__Dataset section__.
----
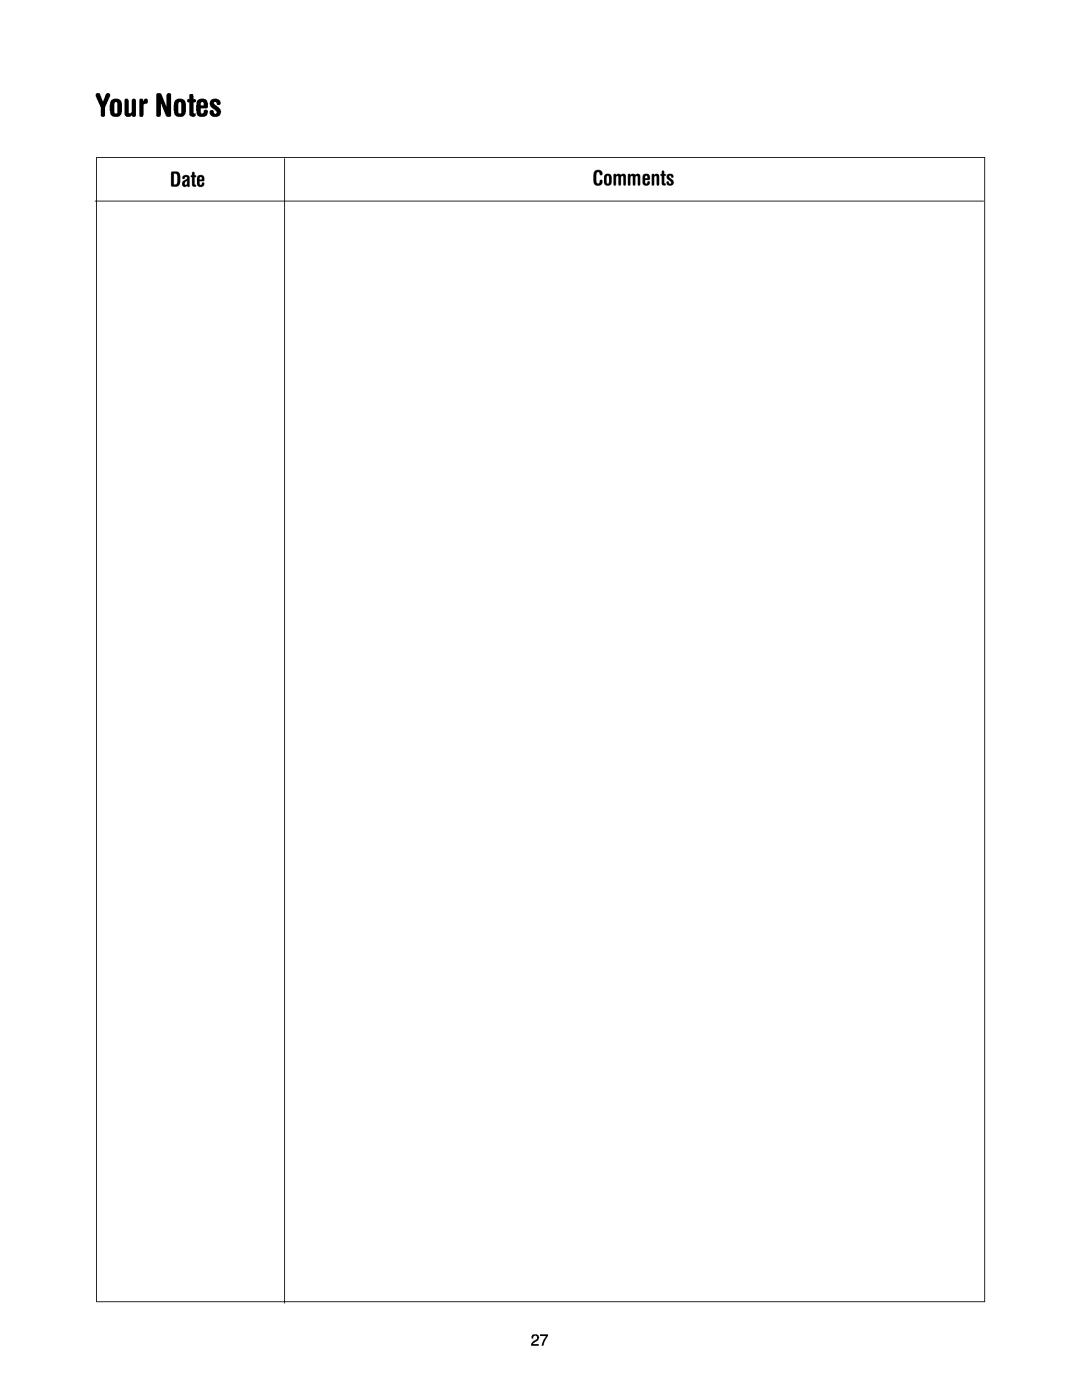 Yard-Man 31AH553G401 manual Your Notes, Date, Comments 
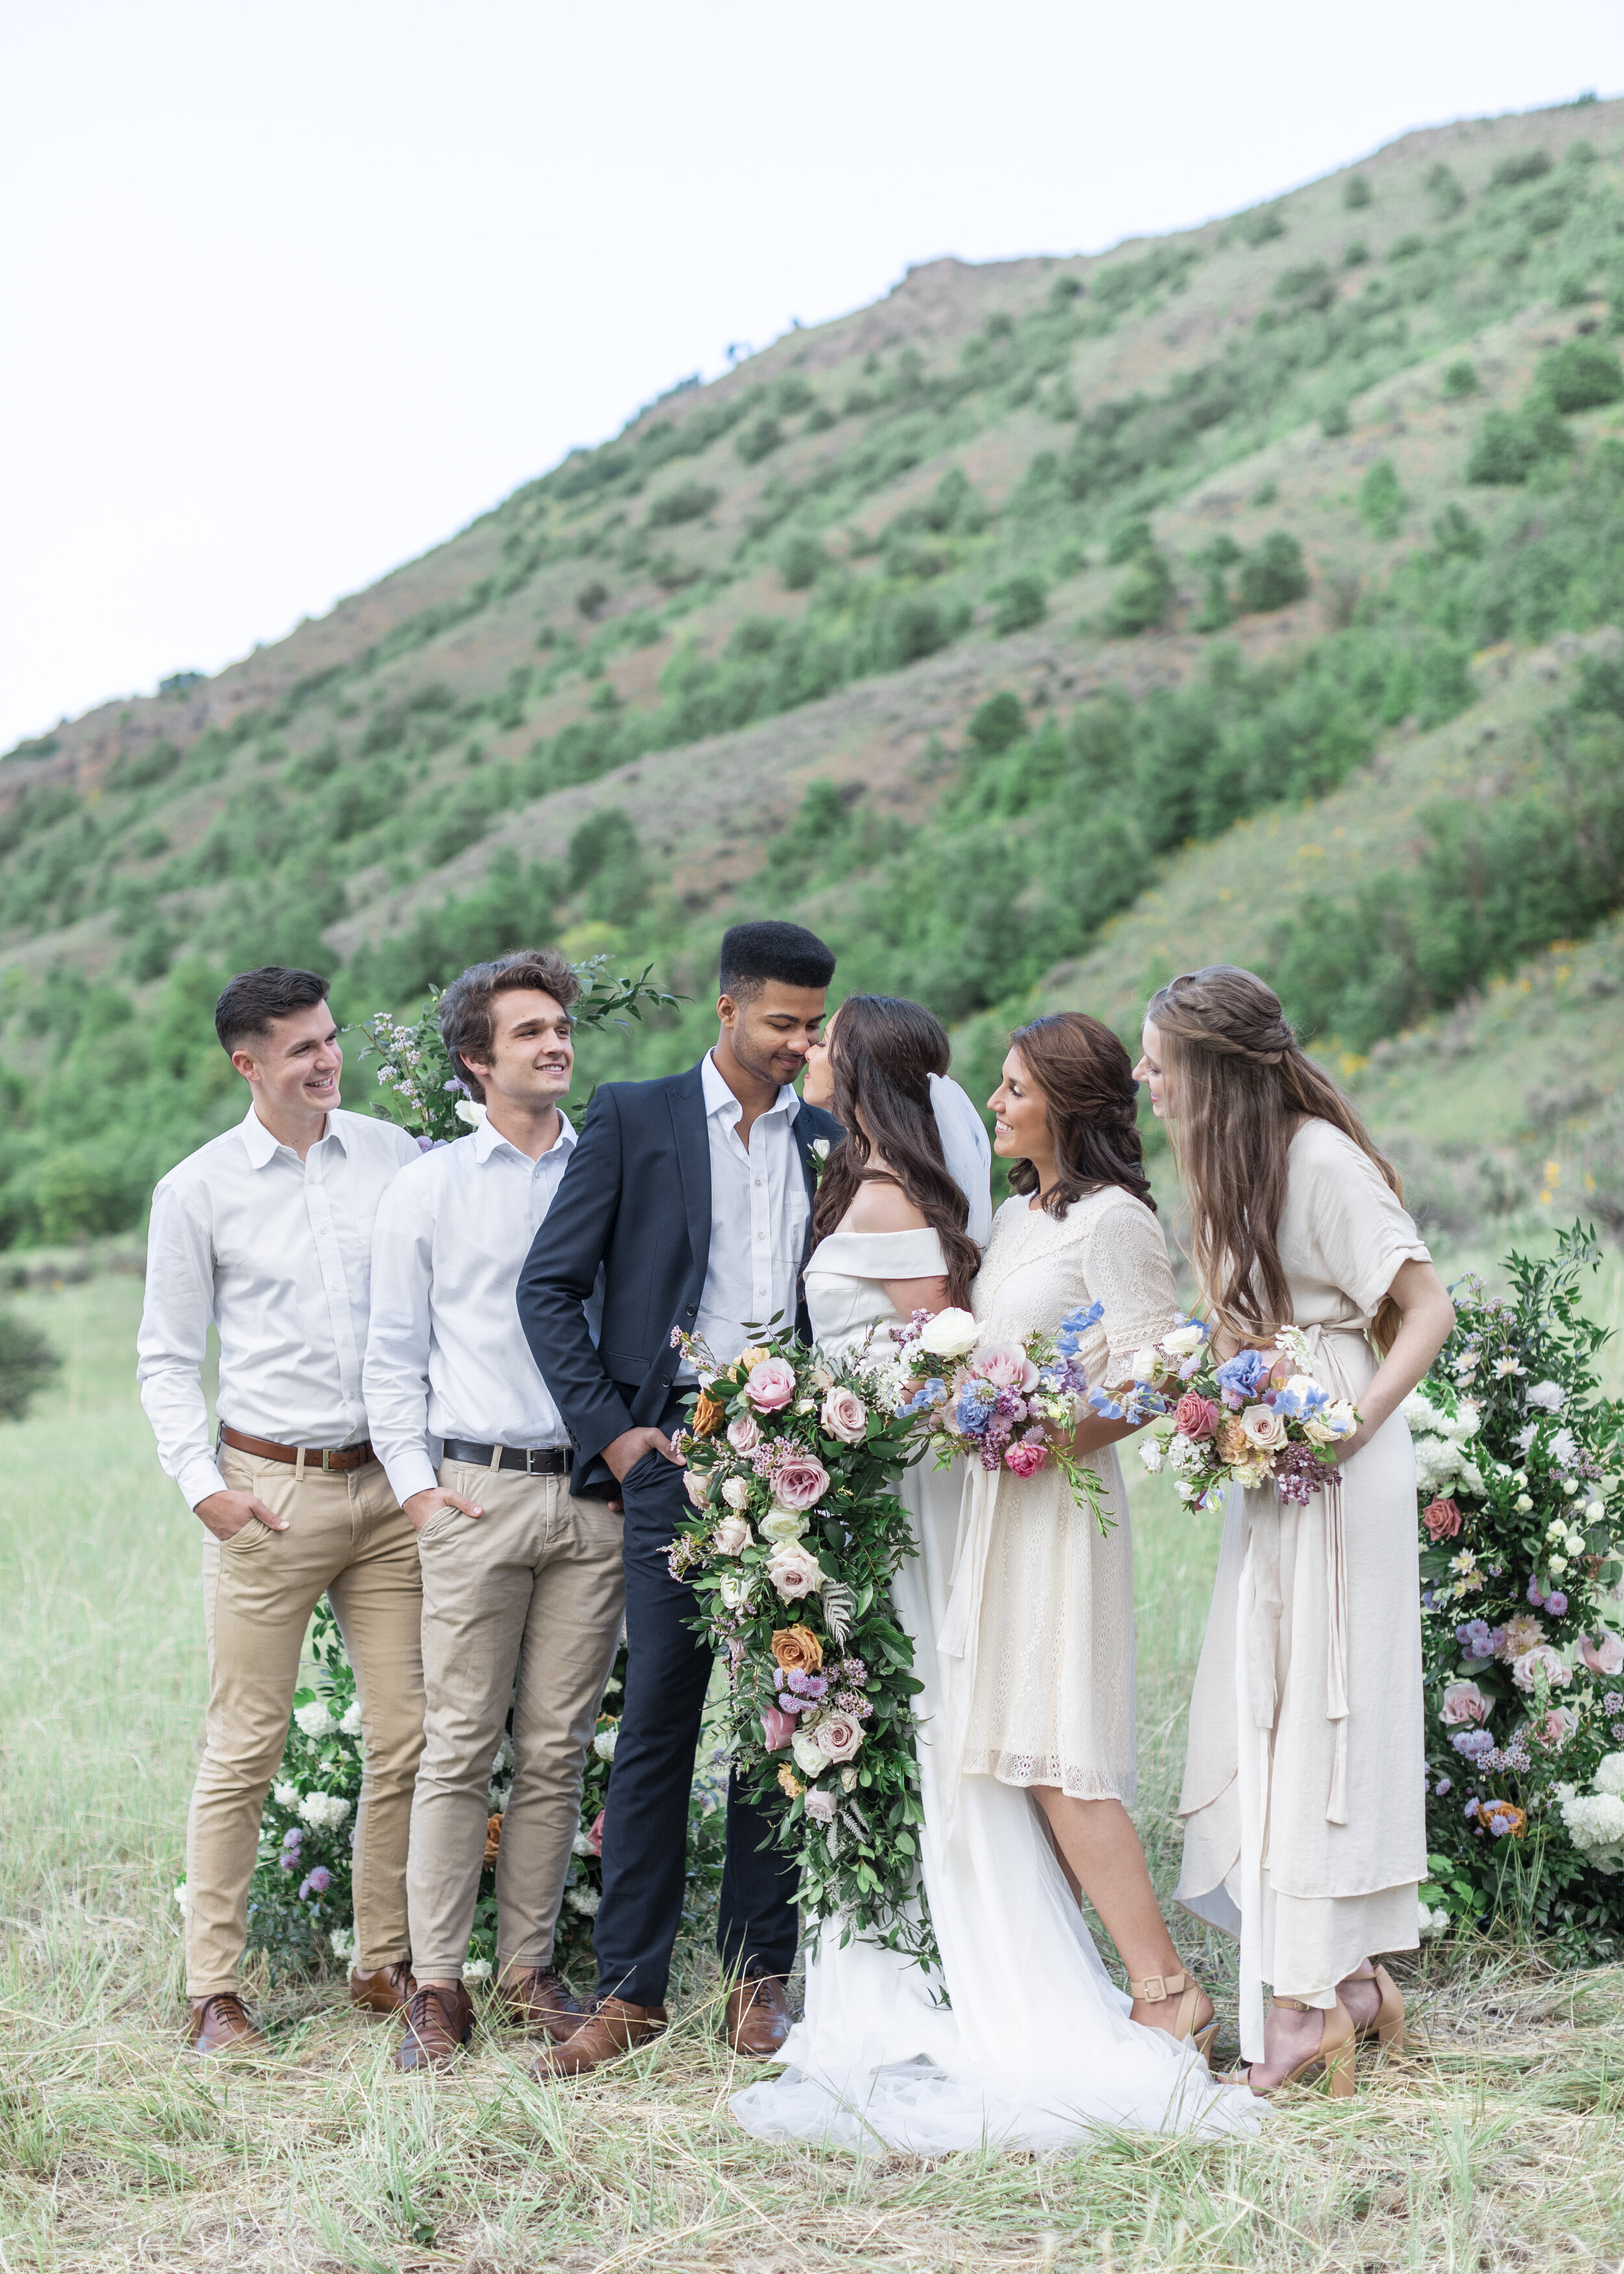  Clarity Lane teaches and allows photography clients hands-on experience during a workshop in Logan featuring a wedding party. wedding party photography wedding day photo ideas #claritylanephotography #claritylaneweddings #claritylaneworkshop #weddin
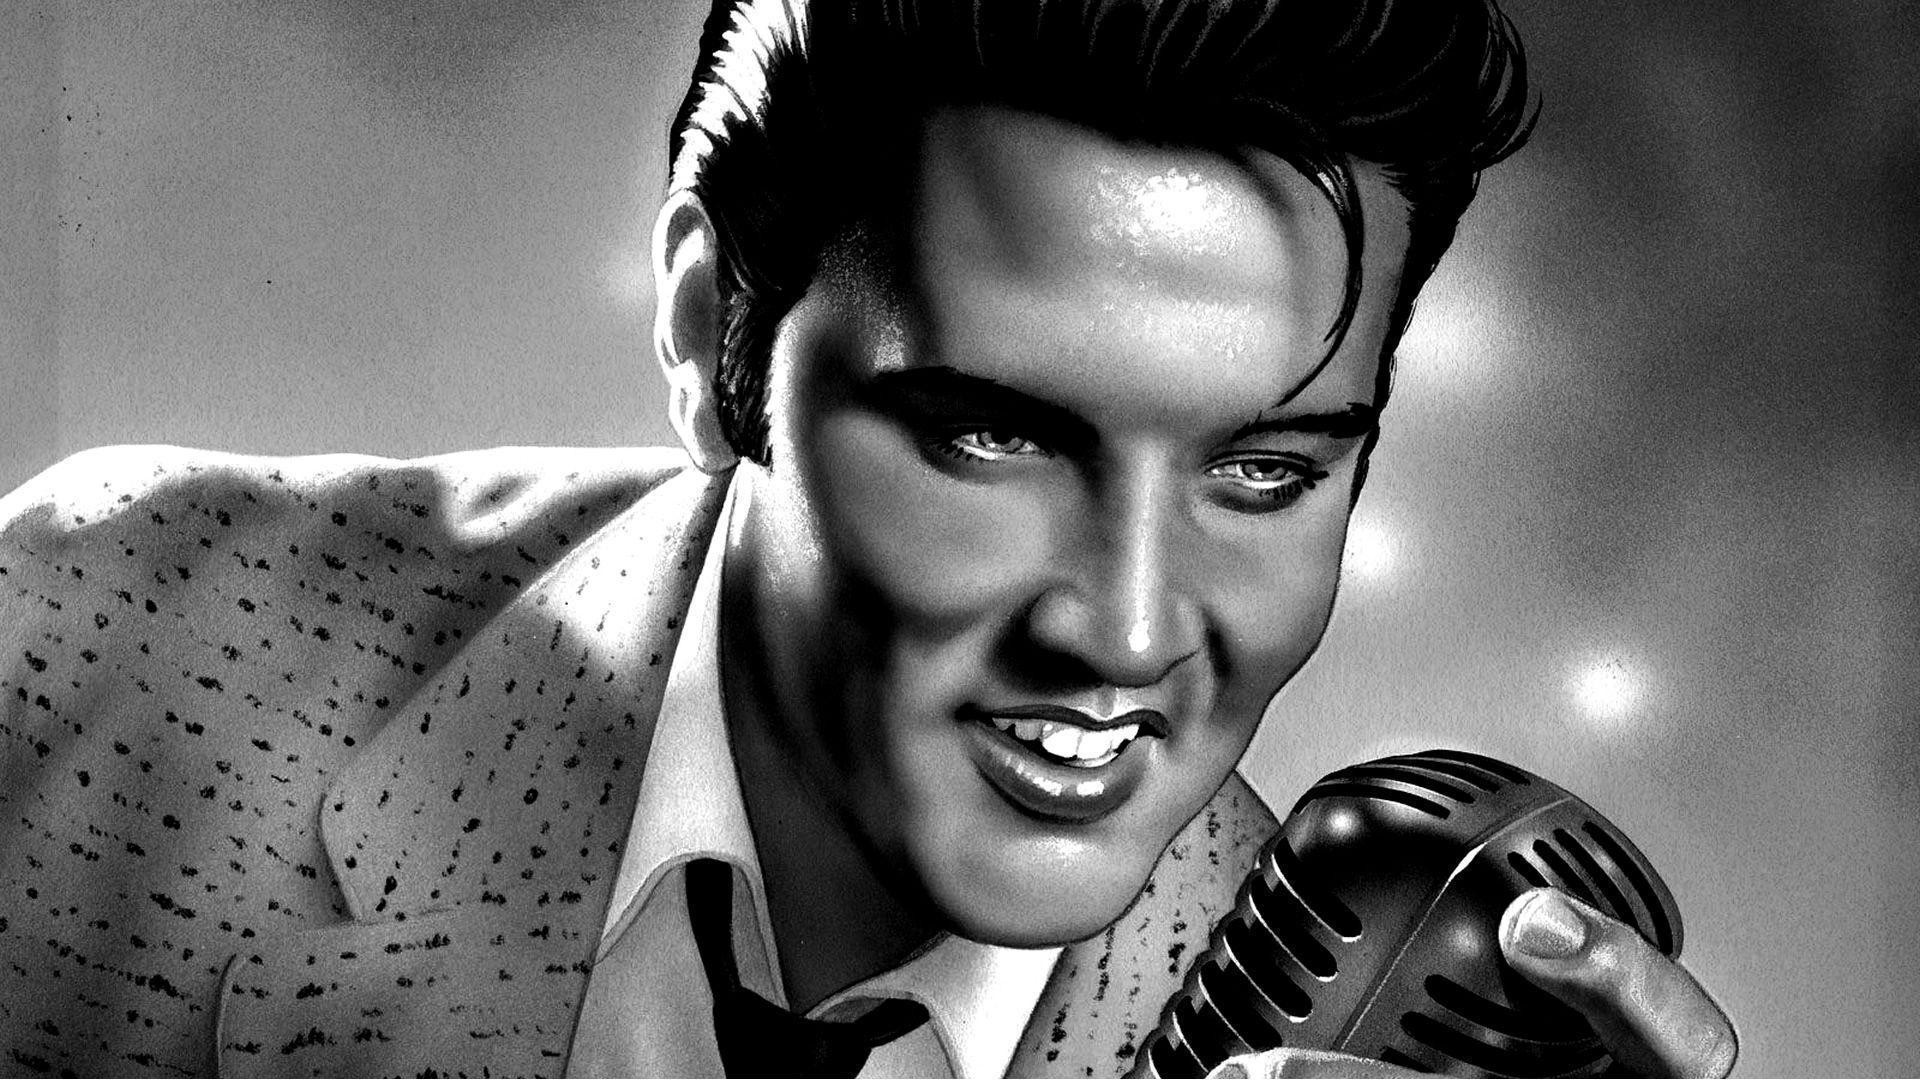 1920x1080 Elvis Presley Wallpapers High Resolution and Quality Download
----
__What you will do__.
From the first line to the last, output the data exactly, without the pictures.

__Task output__.
 Yard-Man 31AH553G401 manual Your Notes, Date, Comments 
  Clarity Lane teaches and allows photography clients hands-on experience during a workshop in Logan featuring a wedding party. wedding party photography wedding day photo ideas #claritylanephotography #claritylaneweddings #claritylaneworkshop #weddin
 1920x1080 Elvis Presley Wallpapers High Resolution and Quality Download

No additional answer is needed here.